Stochastic Gradient Descent-Induced Drift of Representation in a Two-Layer Neural Network
Proceedings of the 40th International Conference on Machine Learning, PMLR 202:27401-27419, 2023.
Representational drift refers to over-time changes in neural activation accompanied by a stable task performance. Despite being observed in the brain and in artificial networks, the mechanisms of drift and its implications are not fully understood.

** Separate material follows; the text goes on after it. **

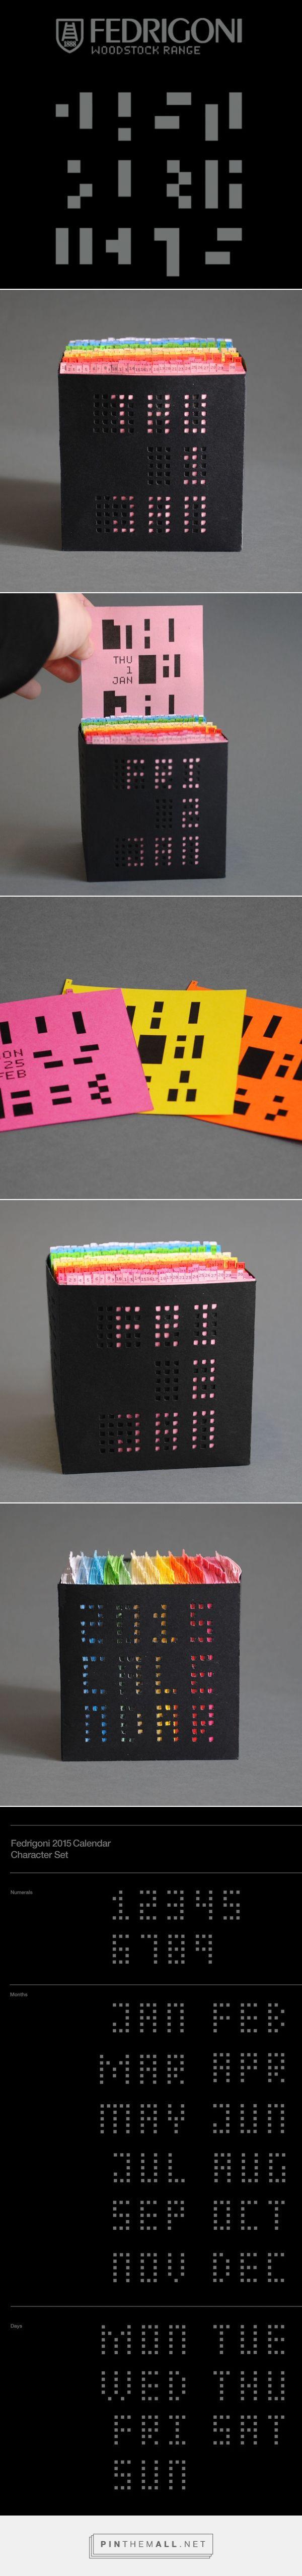 Interesting calendar packaging and design - Fedrigoni 2015 Calendar designed by Stuart Greer.
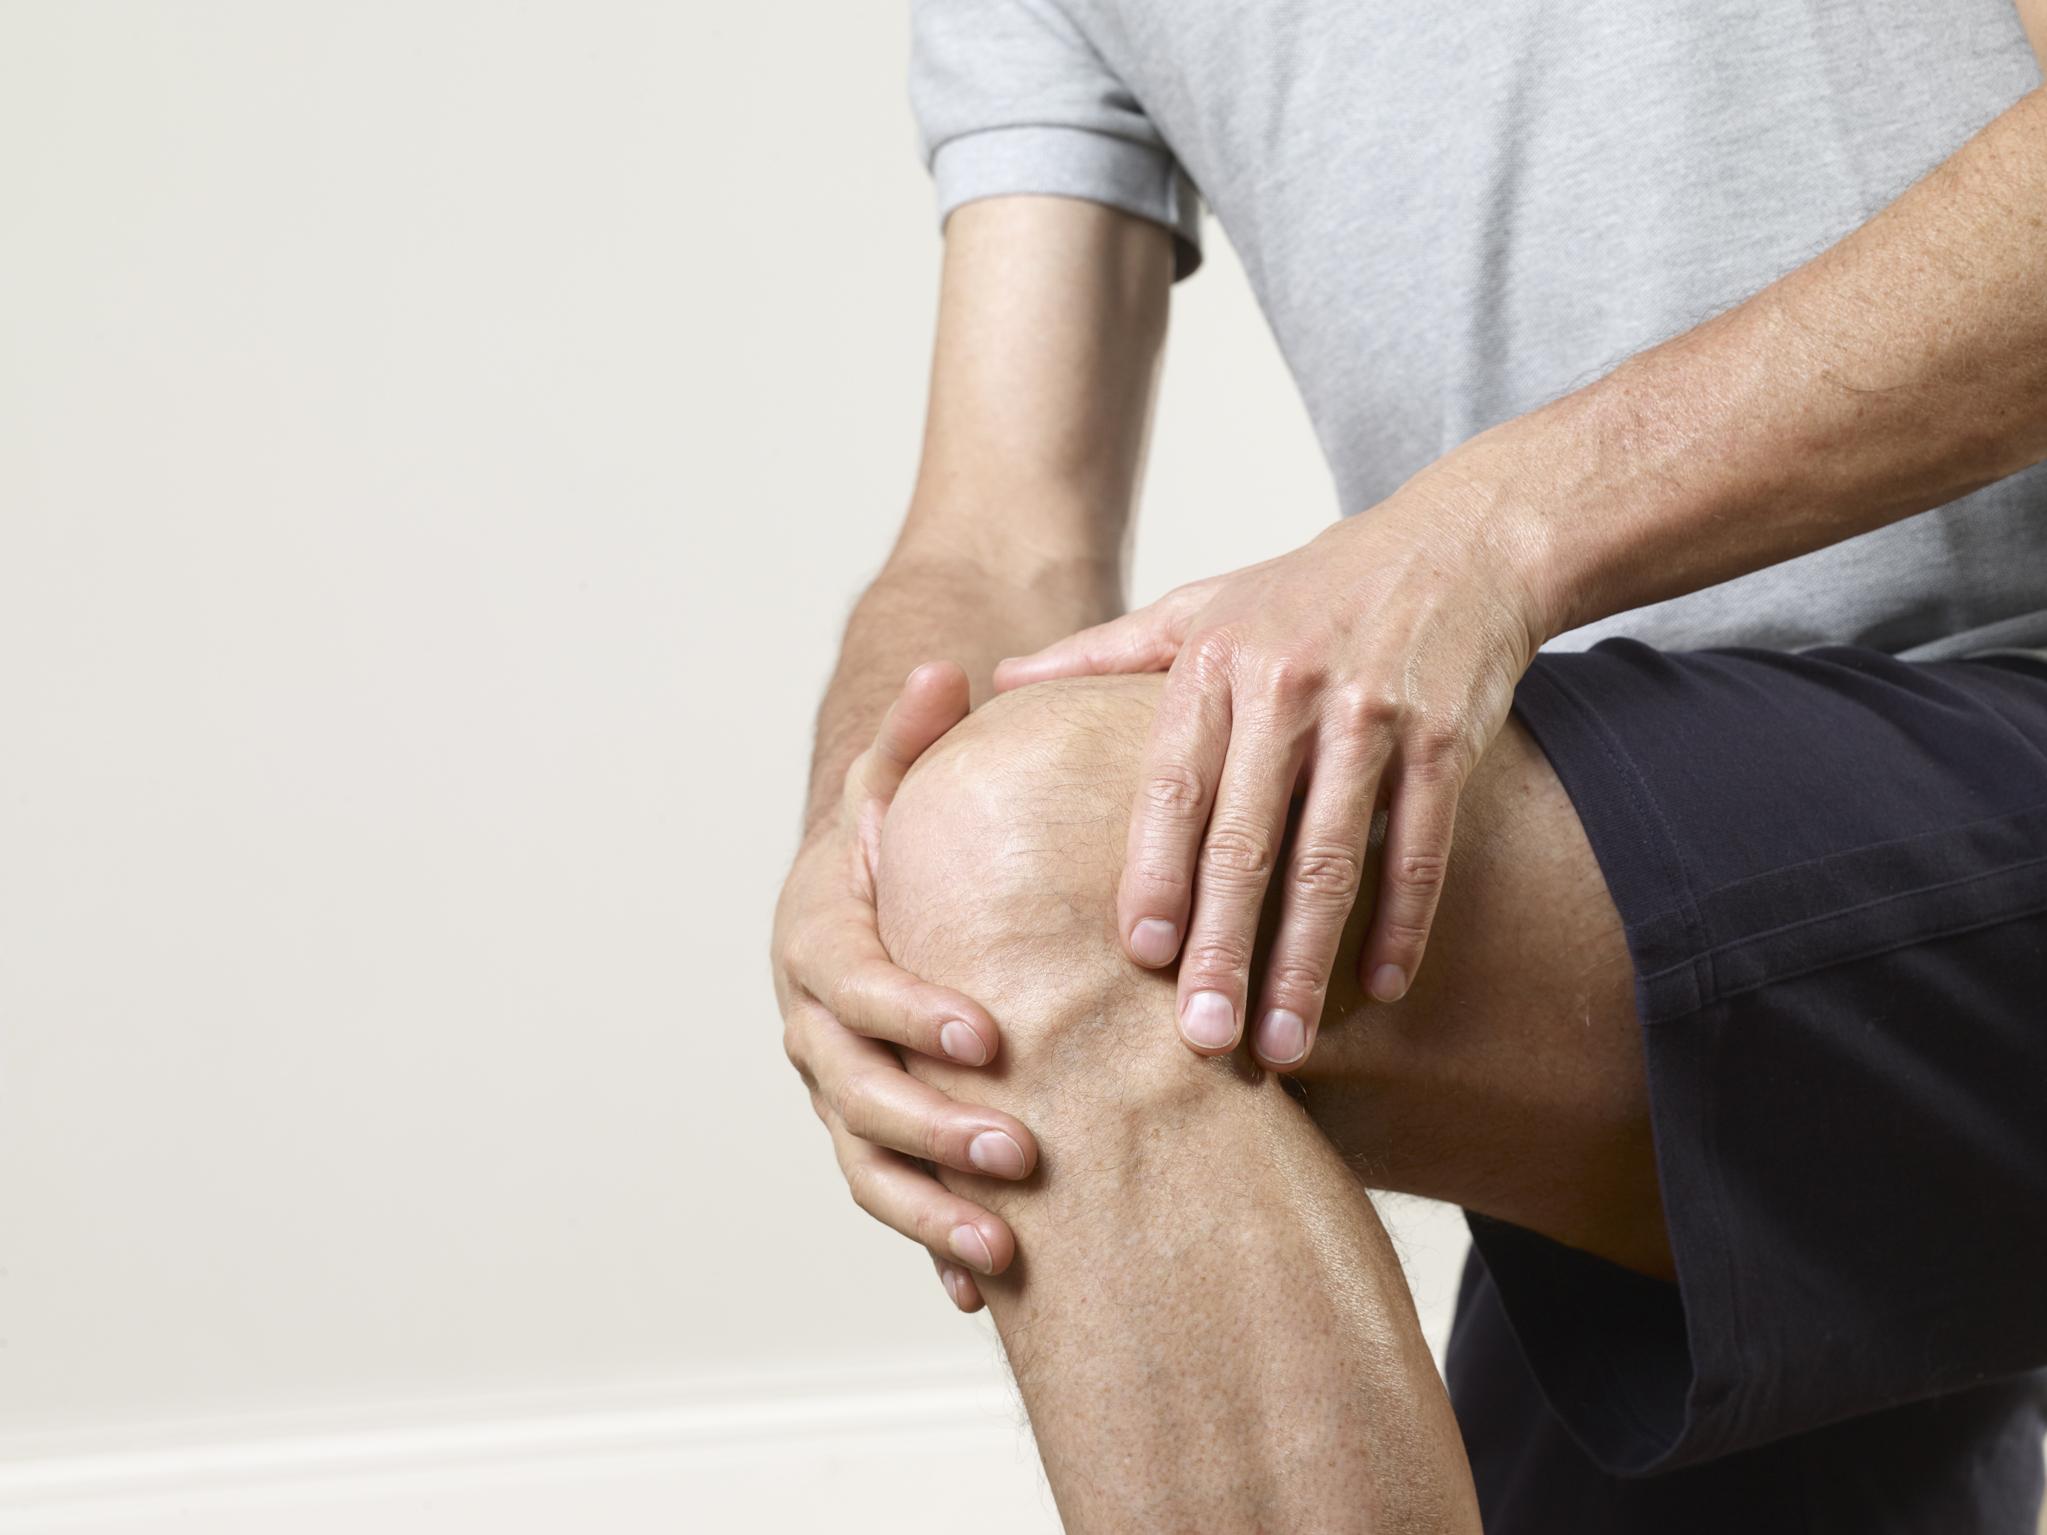 Реабилитация после артрита коленного сустава что вредно суставам кисти

Motivated by recent experimental findings of stimulus-dependent drift in the piriform cortex, we use theory and simulations to study this phenomenon in a two-layer linear feedforward network. Specifically, in a continual online learning scenario, we study the drift induced by the noise inherent in the Stochastic Gradient Descent (SGD). By decomposing the learning dynamics into the normal and tangent spaces of the minimum-loss manifold, we show the former corresponds to a finite variance fluctuation, while the latter could be considered as an effective diffusion process on the manifold. We analytically compute the fluctuation and the diffusion coefficients for the stimuli representations in the hidden layer as functions of network parameters and input distribution. Further, consistent with experiments, we show that the drift rate is slower for a more frequently presented stimulus. Overall, our analysis yields a theoretical framework for better understanding of the drift phenomenon in biological and artificial neural networks.